The regulations specified in great detail how firearms were to be used at the camps. A supervisor was allowed to fire a weapon only in cases of necessary self-defense, to "respond to a violent attack committed against him, or one that is in immediate danger of being perpetrated, or through which the life of others is threatened", as well as if a dangerous criminal refused to leave a hiding place and there was no other way to resolve the intervention against the criminal, or if the supervisor were unable to prevent the criminal from escaping in any other way.
Lastly, the regulations recommended always using less forceful means, such as firing warning shots or using a truncheon. A very important historical note on the position of the supervisory staff in the disciplinary labor camps is that the employees of the camps at Hodonín and Lety did not belong to the gendarmerie for most of the time that they were assigned there, but were in fact employees of the political administration.
In the literature on these camps, the supervisory staff are frequently erroneously referred to as gendarmes. The assertion that they were gendarmes is refuted by the documentary record - for example, a request made by the Lety camp commander, Janovský.
Immediately at the outset of the operations at Lety, Janovský officially requested the cooperation of the gendarmerie, because "supervisory staff can perform duties in just a limited area around the camp and the workplace, but cannot follow an escaped inmate beyond that area." The misconception that these guards had actually been gendarmes was apparently supported by the surviving prisoners, as well as by authors of subsequent texts about Lety, and eyewitnesses may have been confused by the uniforms worn by the supervisory staff.
Some members of the gendarmerie had been transferred into the employment of the political administration, so the need arose to distinguish between the two kinds of uniform.
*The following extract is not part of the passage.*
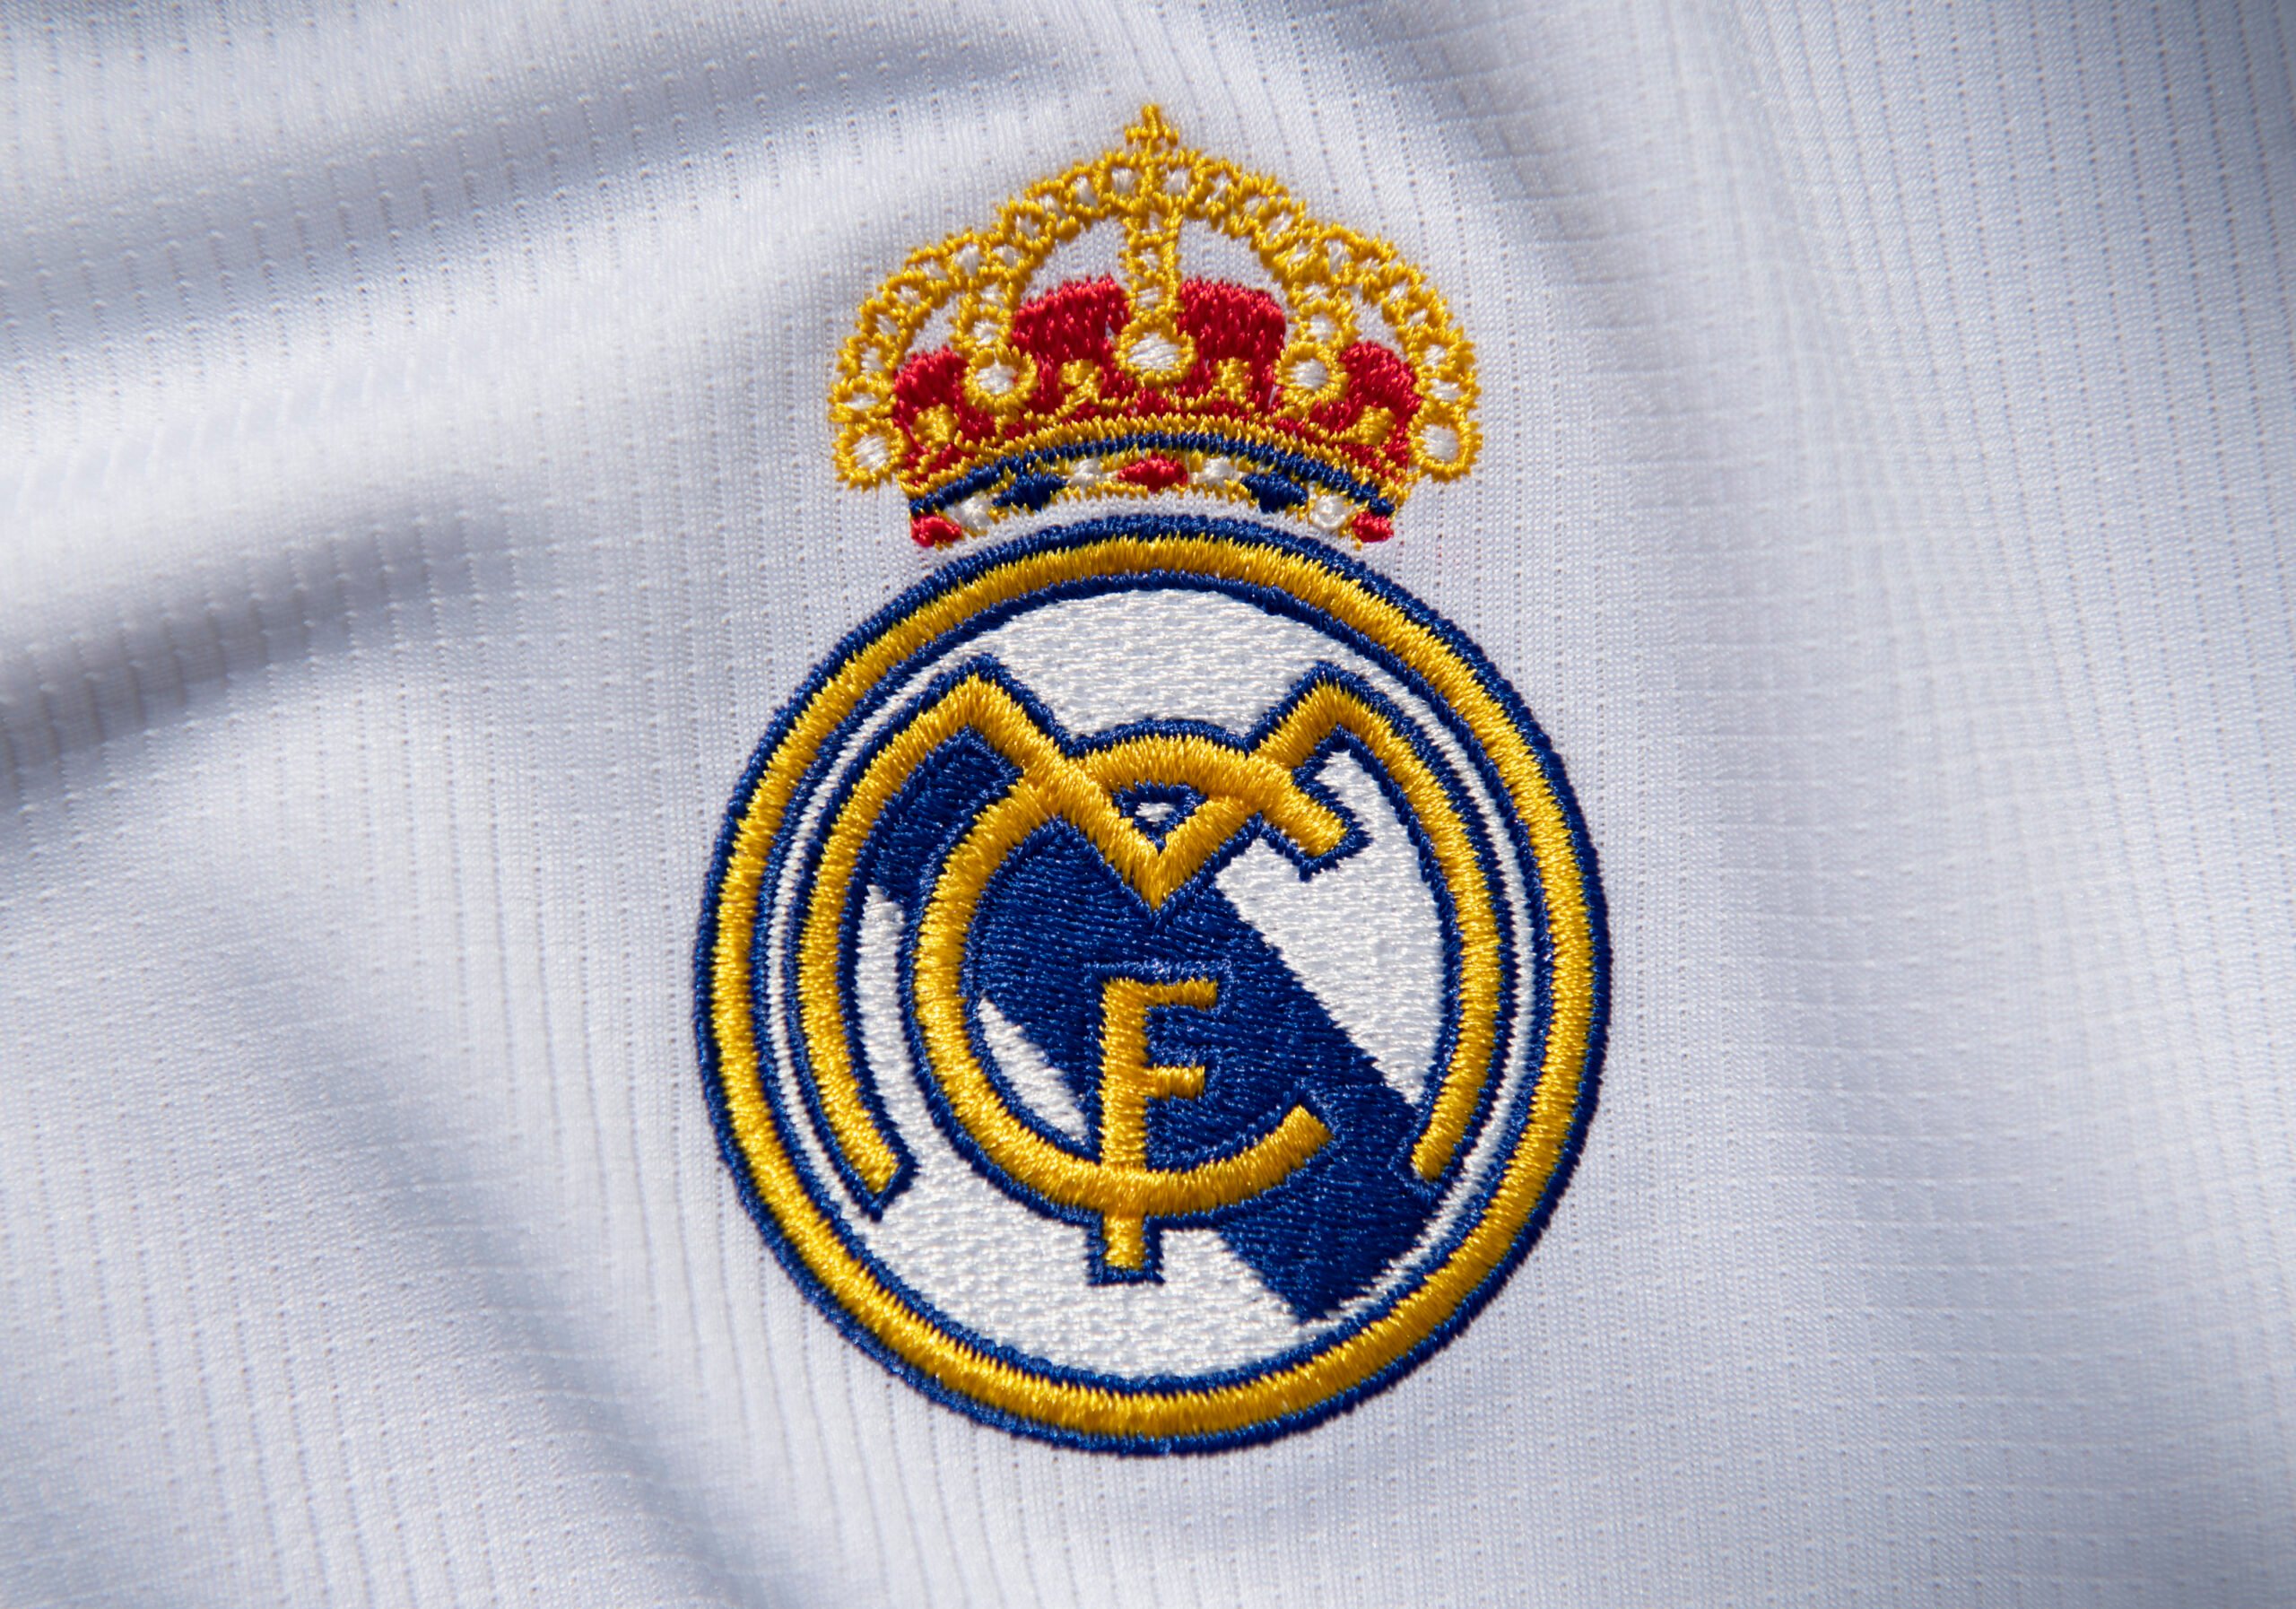 AG à Dubaï : Le Real Madrid démonte les dirigeants de la Liga avec un communiqué cinglant

All the officials, however, were allowed to keep their existing rank, which was worn on their epaulettes - most of them just held the title of office clerk, while in the case of the director, he was chief office clerk and his deputy was a deputy chief.
It was precisely this lack of consistency, whereby the names of the men guarding the camps were sometimes reported using one official title, while their former rank in the gendarmerie was officially worn on their uniforms during their contact with those imprisoned in the camps, that led to the later, erroneous association of the camp staff with members of the gendarmerie. It is necessary, however, to add that a certain role was also played in this by the guards themselves through their intentional lack of discipline - it was exactly such alterations to the service uniforms (primarily, the sabotage of them) that was apparently one way to express resistance to being assigned to duty at a disciplinary labor camp.
Composition of the guard staff
A change to the composition of the supervisory staff did not happen until the critical situation of the autumn and winter of 1942. As a consequence of the "Decree on combating the gypsy nuisance" of 10 July 1042 and its implementation, the number of prisoners at Lety rose to 1 100.
These people, who often were there as entire families (children, the elderly, men, women, youth, etc.) were to be guarded by approximately 20 supervisors. When a decline in the number of those on duty happened after some of the supervisory officials left to work at other correctional facilities and others fell ill, Commander Janovský demanded from the Interior Ministry on 1 October 1942 the assigment as quickly as possible of 20 men, preferably unmarried gendarmes or municipal police officers, as reinforcements for the supervisory staff.
The responsible authorities approved the need to reinforce the staff but were not able to obtain such a large number of eligible employees from among those in the political administration, because "the nature of this service requires that these officials be transferred from the ranks of the uniformed forces (gendarmerie and police)." On 10 November 1942, the Office of the General Commander of the Uniformed Protectorate Police compiled a list of retired gendarmes who might be able to perform guard duty at Lety.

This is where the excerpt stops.